Reputation: 427
I recently got some help for an oracle query and don't quite understand how it works and thus can't get it to work with my data. Is anyone able to explain the logic of what is happening in logical steps and what variables are actually taken from an existing table's columns? I am looking to select data from a table of readings (column names are: day, hour, volume) and find the average reading of volume for each hour of each day (thus GROUP BY day, hour), by going back to all readings for that hour/day combination in the past (as far back as my dataset goes) and writing out the average for it. Once that is done, it will write the results to a different table with the same column names (day, hour, volume). Except when I write it back on a per hour basis, 'volume' will be the average for that hour of the day in the past. For example, I want to find what the average was for all Wednesdays at 7pm in the past, and output the average to a new record. Assuming these 3 columns were used and in reference to the code below, I am not sure how "hours" differs to "hrs" and what the t1 variable represents. Any help is appreciated.
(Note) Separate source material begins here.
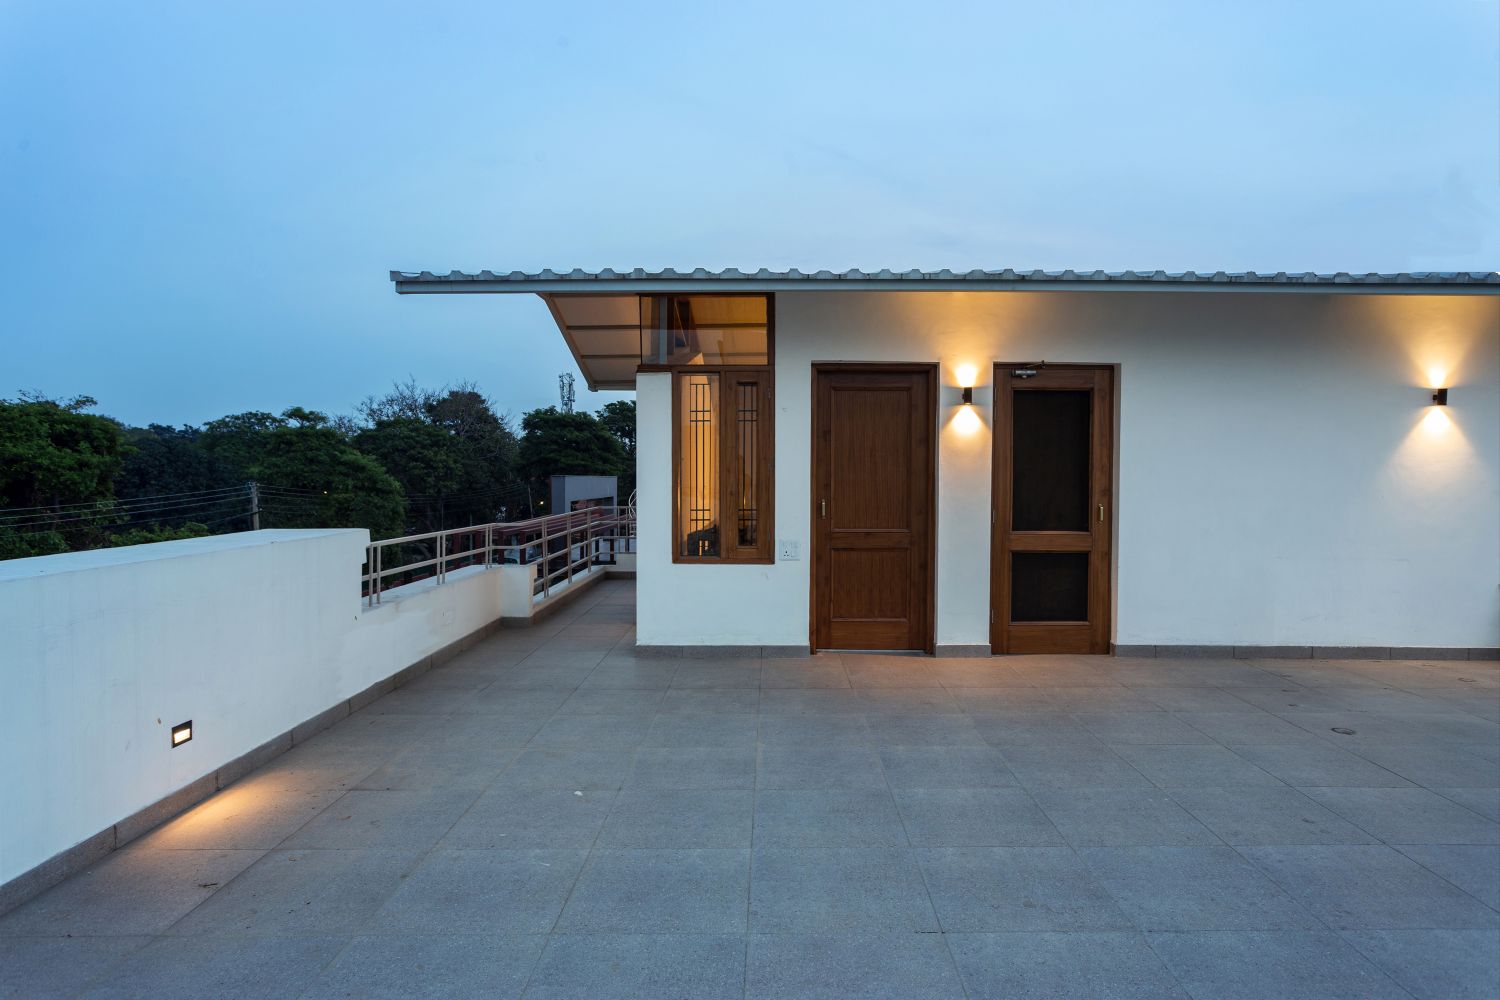 Residence 2105, Chandigarh, by Studio Mohenjodaro 18

INSERT INTO avg_table (days, hours, avrg)
WITH xweek
AS (SELECT ds, LPAD (hrs, 2, '0') hrs
FROM ( SELECT LEVEL ds
FROM DUAL
CONNECT BY LEVEL <= 7),
( SELECT LEVEL - 1 hrs
FROM DUAL
CONNECT BY LEVEL <= 24))
SELECT t1.ds, t1.hrs, AVG (volume)
FROM xweek t1, tables t2
WHERE t1.ds = TO_CHAR (t2.day(+), 'D')
AND t1.hrs = t2.hour(+)
GROUP BY t1.ds, t1.hrs;
Upvotes: 0
Views: 133
Reputation: 52863
I'd re-write this slightly so it makes more sense (to me at least).
To break it down bit by bit, CONNECT BY is a hierarchical (recursive) query. This is a common "cheat" to generate rows. In this case 7 to represent each day of the week, numbered 1 to 7.
SELECT LEVEL ds
FROM DUAL
CONNECT BY LEVEL <= 7
The next one generates the hours 0 to 23 to represent midnight to 11pm. These are then joined together in the old style in a Cartesian or CROSS JOIN. This means that every possible combination of rows is returned, i.e. it generates every hour of every day for a single week.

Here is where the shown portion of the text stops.